Morning Market ThoughtsGood morning. The futures are up a bit this morning, with the Dow set to open about 50 points higher, the S&P up about 5 points, while the Nasdaq is flat as a puddle. To recap last night’s Strategy Session, there is a rotation out of tech and into some of the more relatively defensive sectors such as retail, homebuilders, consumer discretionary, financials, and transportation. Really…just about anything but tech.
The profit-taking in the semiconductor sector actually started last week. But since the trend was so pronounced and the Semiconductor Index ($SMH) was so extended, it took a few days for many traders to conclude that the pullback was likely more than just a ‘buy the dip” opportunity. Now, the SMH is down 8.5% in just 6 days. If you are still long semiconductor stocks, then you’ve either got a long time horizon and view them as investments (which is certainly a viable approach. You don’t want your entire market exposure to be sitting in your active trading account), or you’re simply wrong.
Waiting for your favorite stock to come back is a tactic used by many inexperienced traders who never last long enough to gain sufficient experience to know that the market is always right. Being stubborn might work in some aspects of your life (though I can’t really think of any right now, unless you equate stubbornness with perseverance), but it doesn’t work in trading.
Consider Nvidia ($NVDA). This is a great company with very strong business prospects. It’s also fallen 15% in 5 trading days. You may be thinking that this is a great buying opportunity. “Hey, this is the dip I’ve been waiting for!” Well, that’s not right. Who are you buying from? Zoom out on the chart and the answer will be right in front of your eyes. Since February of last year, NVDA has advanced 770%. It is owned by more than 2,000 funds. This is not a new idea. It’s not an overlooked stock. Large money managers hold stocks for a long, long time. They anticipate the types of developments in Nvidia’s business and buy early. Now, they are booking profits. And they’re selling to you.
Trust me. You don’t want to do business with large funds. Don’t buy what they sell; and don’t sell what they are buying. You want to be running in the same direction as they are — preferably at the front of the pack so that their buying pushes your stock higher.

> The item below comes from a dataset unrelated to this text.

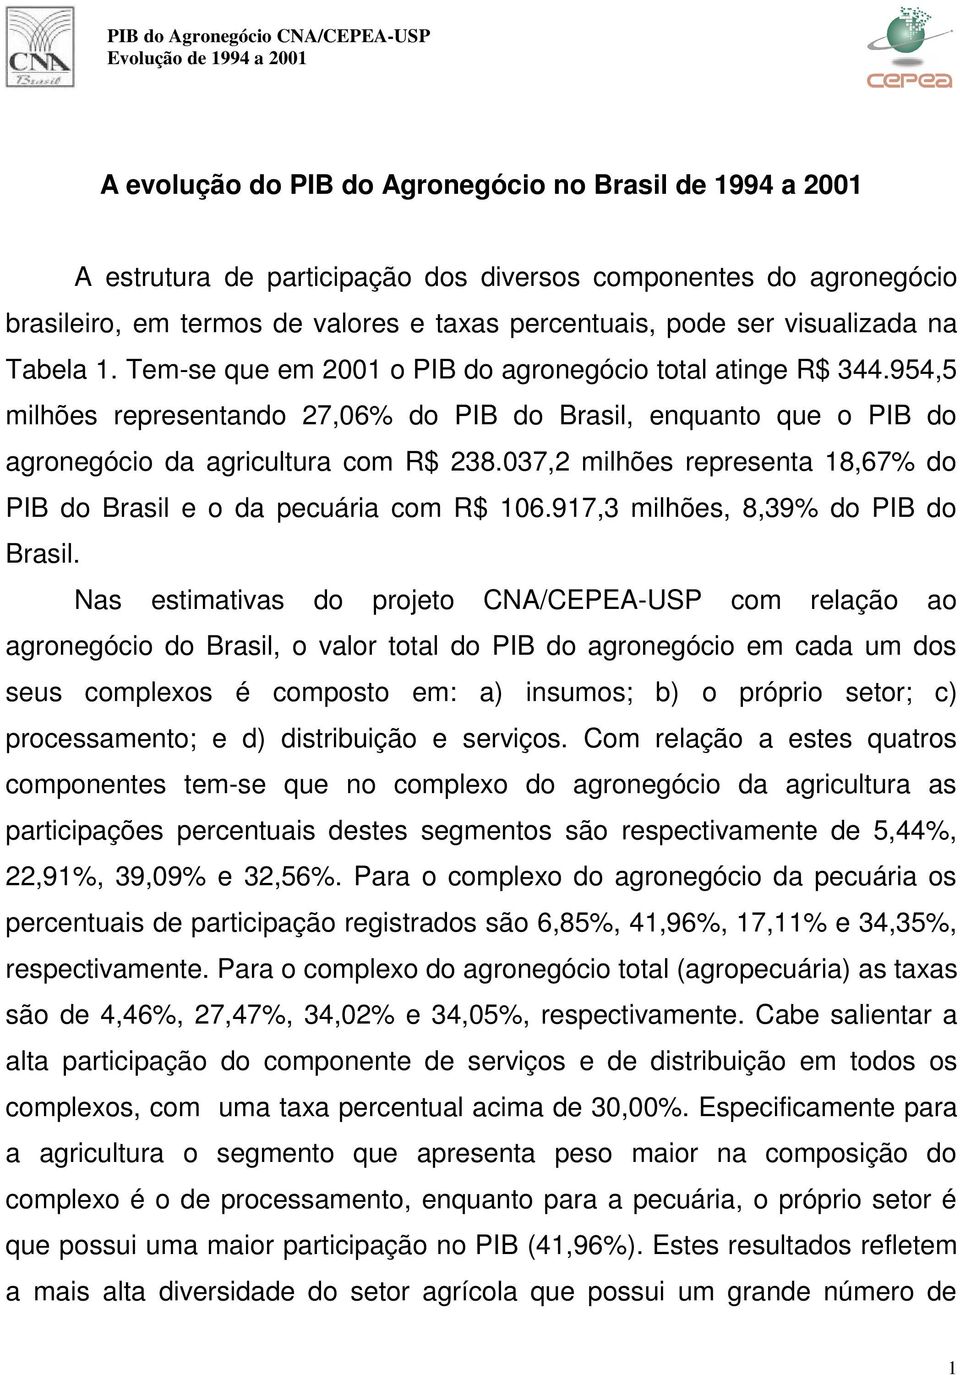 037,2 milhões representa 18,67% do PIB do Brasil e o da pecuária com R$ 106.917,3 milhões, 8,39% do PIB do Brasil.

Look at your account holdings. Can you make a case for owning every stock in your account? Do you have a time frame in mind? Is it a “trade”, or do you intend to hold the stock for a while, irrespective of any pullback? I don’t know the answer to your question; I just know that this is the question you need to ask yourself. If you’re not asking that question, then you’re not thinking — you’re hoping.
See you in the forum.
(My best wishes go out to all of our friends up in Ventura County, who are facing a very very serious wildfire that is totally uncontained. I mean, 0%! The Santa Ana winds are an annual phenomenon in Southern California and they kicked up yesterday. California has had its share of fires this year, and I’m hoping that our brave firefighters have this one under control soon.)